WHAT TO DO
Your answer should be only the lines below from the one with "Edin Dzeko ends" to the one with "HOME_Vinyl_Blonde_Grimbergen_Home0079.jpg", repeated exactly, ends included.

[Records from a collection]

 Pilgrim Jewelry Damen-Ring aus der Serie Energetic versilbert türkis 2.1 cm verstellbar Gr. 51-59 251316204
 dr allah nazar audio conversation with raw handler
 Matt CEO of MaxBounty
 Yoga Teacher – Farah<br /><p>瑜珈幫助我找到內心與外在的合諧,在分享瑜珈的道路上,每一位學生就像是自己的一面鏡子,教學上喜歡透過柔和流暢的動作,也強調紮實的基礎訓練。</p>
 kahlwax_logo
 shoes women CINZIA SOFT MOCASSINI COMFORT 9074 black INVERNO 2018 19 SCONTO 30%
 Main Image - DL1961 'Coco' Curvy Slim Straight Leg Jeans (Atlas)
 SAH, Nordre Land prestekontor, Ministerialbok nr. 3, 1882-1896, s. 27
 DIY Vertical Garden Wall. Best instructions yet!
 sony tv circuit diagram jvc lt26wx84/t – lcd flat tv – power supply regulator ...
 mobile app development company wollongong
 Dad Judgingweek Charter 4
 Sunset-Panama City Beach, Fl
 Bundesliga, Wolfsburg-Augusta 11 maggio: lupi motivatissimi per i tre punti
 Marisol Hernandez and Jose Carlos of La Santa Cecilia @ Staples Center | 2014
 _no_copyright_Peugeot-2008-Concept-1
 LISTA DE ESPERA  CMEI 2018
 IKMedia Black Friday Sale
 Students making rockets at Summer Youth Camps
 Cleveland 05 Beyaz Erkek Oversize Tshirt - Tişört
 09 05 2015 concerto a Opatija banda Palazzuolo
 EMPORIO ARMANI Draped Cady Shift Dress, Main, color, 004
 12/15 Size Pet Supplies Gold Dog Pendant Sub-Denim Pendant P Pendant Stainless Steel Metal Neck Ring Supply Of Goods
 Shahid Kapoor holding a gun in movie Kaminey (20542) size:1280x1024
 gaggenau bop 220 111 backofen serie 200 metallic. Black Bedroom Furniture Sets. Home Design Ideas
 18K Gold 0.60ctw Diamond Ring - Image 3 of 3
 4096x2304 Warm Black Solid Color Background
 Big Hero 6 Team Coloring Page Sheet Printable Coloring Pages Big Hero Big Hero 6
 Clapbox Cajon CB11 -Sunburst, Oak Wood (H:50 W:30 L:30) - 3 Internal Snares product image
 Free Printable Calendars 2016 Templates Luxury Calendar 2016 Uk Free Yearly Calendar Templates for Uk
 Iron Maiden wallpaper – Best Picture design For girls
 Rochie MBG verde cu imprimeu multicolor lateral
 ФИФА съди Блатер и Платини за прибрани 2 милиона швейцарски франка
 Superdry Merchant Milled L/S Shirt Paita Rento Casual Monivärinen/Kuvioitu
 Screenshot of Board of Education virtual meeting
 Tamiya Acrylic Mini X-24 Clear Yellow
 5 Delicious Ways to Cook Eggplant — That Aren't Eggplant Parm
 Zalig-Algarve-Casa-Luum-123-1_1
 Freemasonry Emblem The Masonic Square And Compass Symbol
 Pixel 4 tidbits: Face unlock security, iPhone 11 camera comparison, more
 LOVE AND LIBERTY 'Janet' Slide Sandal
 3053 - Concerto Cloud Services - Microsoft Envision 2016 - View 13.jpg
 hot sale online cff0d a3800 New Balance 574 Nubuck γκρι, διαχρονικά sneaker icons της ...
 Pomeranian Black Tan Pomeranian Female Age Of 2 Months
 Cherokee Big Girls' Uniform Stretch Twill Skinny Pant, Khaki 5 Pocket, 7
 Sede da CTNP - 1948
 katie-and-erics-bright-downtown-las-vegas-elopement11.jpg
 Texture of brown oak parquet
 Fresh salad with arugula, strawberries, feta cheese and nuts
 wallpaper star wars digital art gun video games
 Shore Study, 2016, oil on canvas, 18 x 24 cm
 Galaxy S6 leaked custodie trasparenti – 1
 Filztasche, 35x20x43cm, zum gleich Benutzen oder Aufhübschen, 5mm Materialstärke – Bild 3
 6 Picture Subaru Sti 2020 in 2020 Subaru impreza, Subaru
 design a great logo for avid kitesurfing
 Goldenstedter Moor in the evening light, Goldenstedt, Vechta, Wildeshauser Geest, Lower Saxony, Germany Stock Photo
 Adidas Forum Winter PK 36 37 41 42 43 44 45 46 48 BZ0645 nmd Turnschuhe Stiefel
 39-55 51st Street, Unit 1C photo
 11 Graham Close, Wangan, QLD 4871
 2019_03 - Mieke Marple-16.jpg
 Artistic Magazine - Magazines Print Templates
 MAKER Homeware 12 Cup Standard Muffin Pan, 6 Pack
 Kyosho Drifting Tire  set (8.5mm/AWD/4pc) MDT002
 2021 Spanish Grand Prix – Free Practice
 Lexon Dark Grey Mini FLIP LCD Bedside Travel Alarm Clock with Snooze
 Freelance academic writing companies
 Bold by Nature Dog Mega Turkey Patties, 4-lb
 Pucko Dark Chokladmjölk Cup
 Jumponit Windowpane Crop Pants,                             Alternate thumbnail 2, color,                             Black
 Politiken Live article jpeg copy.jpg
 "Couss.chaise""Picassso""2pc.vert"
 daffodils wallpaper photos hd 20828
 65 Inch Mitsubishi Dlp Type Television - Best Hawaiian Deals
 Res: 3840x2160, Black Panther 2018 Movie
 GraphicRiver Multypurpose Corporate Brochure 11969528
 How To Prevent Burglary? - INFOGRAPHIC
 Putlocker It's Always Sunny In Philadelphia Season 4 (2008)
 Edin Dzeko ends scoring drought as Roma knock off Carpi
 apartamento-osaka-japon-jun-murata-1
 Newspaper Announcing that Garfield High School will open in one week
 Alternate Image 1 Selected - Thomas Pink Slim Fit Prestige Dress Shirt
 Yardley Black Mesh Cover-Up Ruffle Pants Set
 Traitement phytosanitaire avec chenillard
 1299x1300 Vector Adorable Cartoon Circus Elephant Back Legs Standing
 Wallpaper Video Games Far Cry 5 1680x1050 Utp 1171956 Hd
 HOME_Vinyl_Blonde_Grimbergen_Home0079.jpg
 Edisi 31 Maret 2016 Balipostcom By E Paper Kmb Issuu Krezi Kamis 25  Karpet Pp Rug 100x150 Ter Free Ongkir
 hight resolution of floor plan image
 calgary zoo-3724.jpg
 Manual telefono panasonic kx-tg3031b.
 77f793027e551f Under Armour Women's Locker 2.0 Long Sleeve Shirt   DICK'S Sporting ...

SOLUTION FOR THIS EXERCISE
 Edin Dzeko ends scoring drought as Roma knock off Carpi
 apartamento-osaka-japon-jun-murata-1
 Newspaper Announcing that Garfield High School will open in one week
 Alternate Image 1 Selected - Thomas Pink Slim Fit Prestige Dress Shirt
 Yardley Black Mesh Cover-Up Ruffle Pants Set
 Traitement phytosanitaire avec chenillard
 1299x1300 Vector Adorable Cartoon Circus Elephant Back Legs Standing
 Wallpaper Video Games Far Cry 5 1680x1050 Utp 1171956 Hd
 HOME_Vinyl_Blonde_Grimbergen_Home0079.jpg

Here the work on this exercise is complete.